The process of fixed increase is as follows:
1, resolution of the board of directors;
2. Submit to the shareholders' meeting for approval;
3. Sponsored by the sponsor institution and reported to the China Securities Regulatory Commission, the sponsor institution shall prepare and submit the application documents in accordance with the relevant provisions of the China Securities Regulatory Commission;
4. The China Securities Regulatory Commission will review the application documents in accordance with relevant procedures, and decide whether to accept them within 5 working days after receiving them. After accepting them, the application documents will be preliminarily reviewed, and the issuance review committee will review the application documents and make a decision on approval or disapproval;
5. distribution;
6, issued within the month, otherwise re-approval; There are major changes, and the issue is suspended.
Why should listed companies increase their income?
There are many financing methods for listed companies, including IPO, bond issuance and rights issue, but why is it so important to increase financing? We can look at it by comparison. If a listed company carries out financing, the most convenient means is a fixed increase, because the fixed increase has fewer requirements for listed companies, including profits, profit distribution, financing scale, issuance frequency and so on. However, if it issues shares, public offerings or bonds, it has very strict indicators on its financial situation.

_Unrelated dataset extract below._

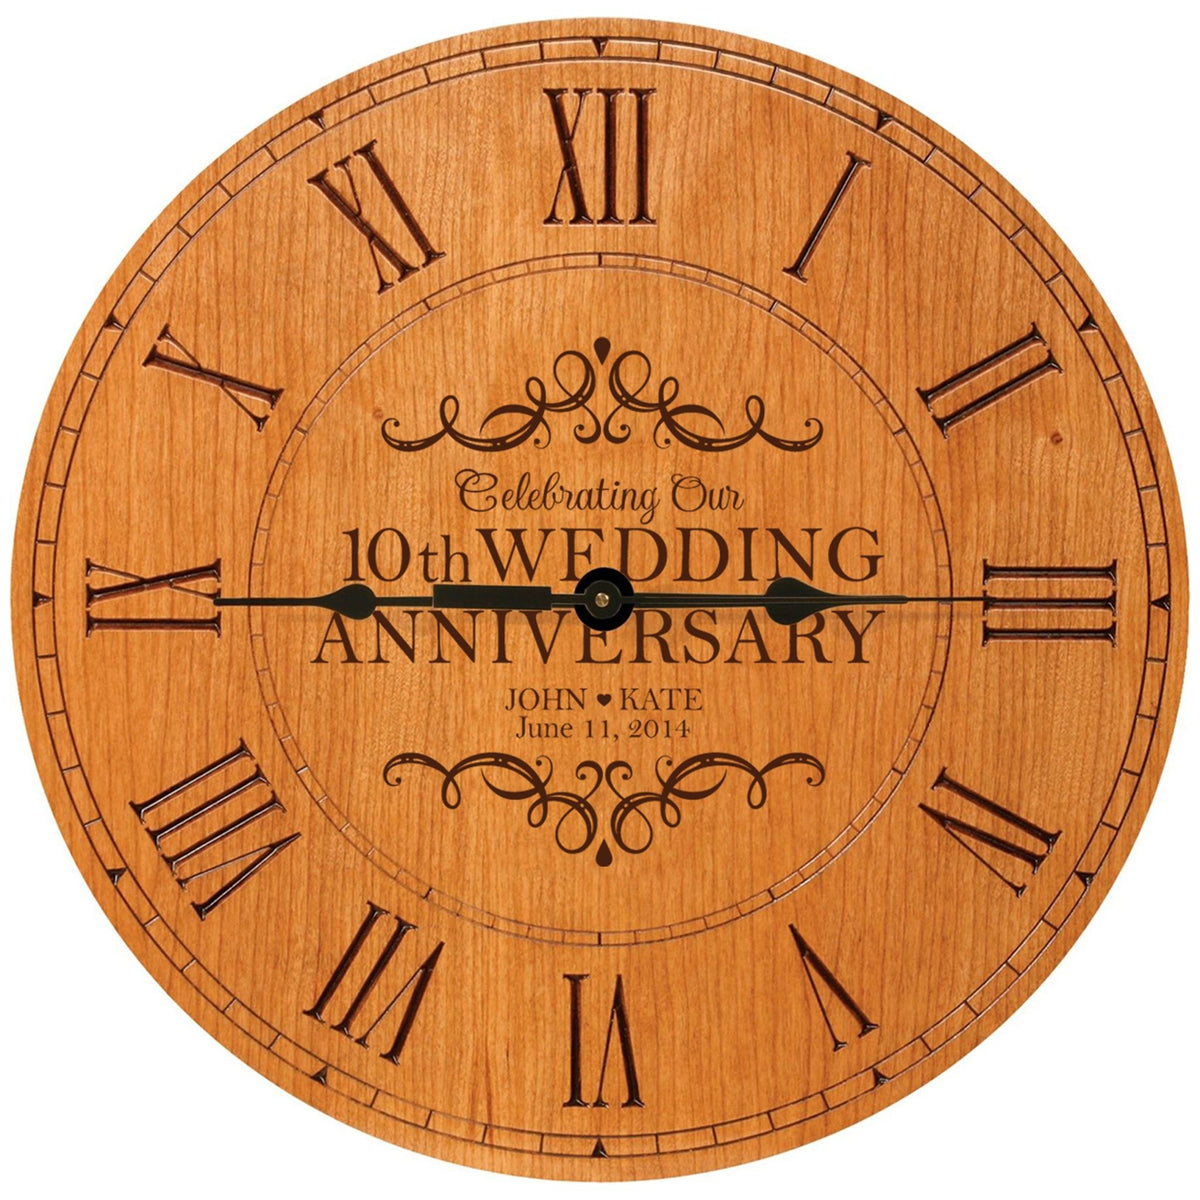 Lifesong Milestones Personalized Engraved Wooden Wall Clock for 10th Wedding Anniversary Gift Ideas

Anyway, there are many purposes for listed companies to increase their income, which can be roughly divided into several types:
First, the actual controller does asset implantation and loads another part of assets into the listed company through fixed increase;
Second, the whole group goes public; The third is the reorganization of shell resources. A shell company has no value, but many other unlisted companies have great demand for shell resources. It is a very common way to complete backdoor listing through fixed increase and raise matching funds at the same time. There are also some listed companies that do project financing, such as building new factories, or supplementing liquidity to improve their financial situation. Another is that listed companies introduce strategic investors, usually with a three-year increase, such as Luolai Life Insurance, which has just resumed trading. This is a very typical type of introducing strategic investors.
Behind the rapid expansion of the fixed market scale is the demand of the market itself. On the one hand, enterprises need transformation, and new assets and mergers and acquisitions, including the reform of state-owned enterprises and the upgrading of industrial structure, all need the support of the capital market.
From another perspective, the concentration of many industries in our country is very low, because many industries are in the early or middle stage of development, and the whole industry is facing the process of rapid upgrading. How to realize this process is through the means of capital market mergers and acquisitions. Some high-quality leading enterprises improve their competitiveness through continuous mergers and acquisitions. This process has generated a large amount of capital demand, and you can acquire the upstream and downstream industrial chains by increasing and merging into funds to make your business bigger and stronger.
Of course, the fixed market is also affected by policies and supervision. First of all, the rapid expansion of the fixed market scale has a lot to do with the CSRC's support for asset restructuring of listed companies, including payment methods and audit procedures, which also reflects the CSRC's support for the real economy.
On the other hand, the CSRC has more requirements for products with a fixed market. For example, one-year fixed-income products can only be quoted after filing, and can only be raised after receiving the project; Three-year fixed-income products cannot be leveraged now.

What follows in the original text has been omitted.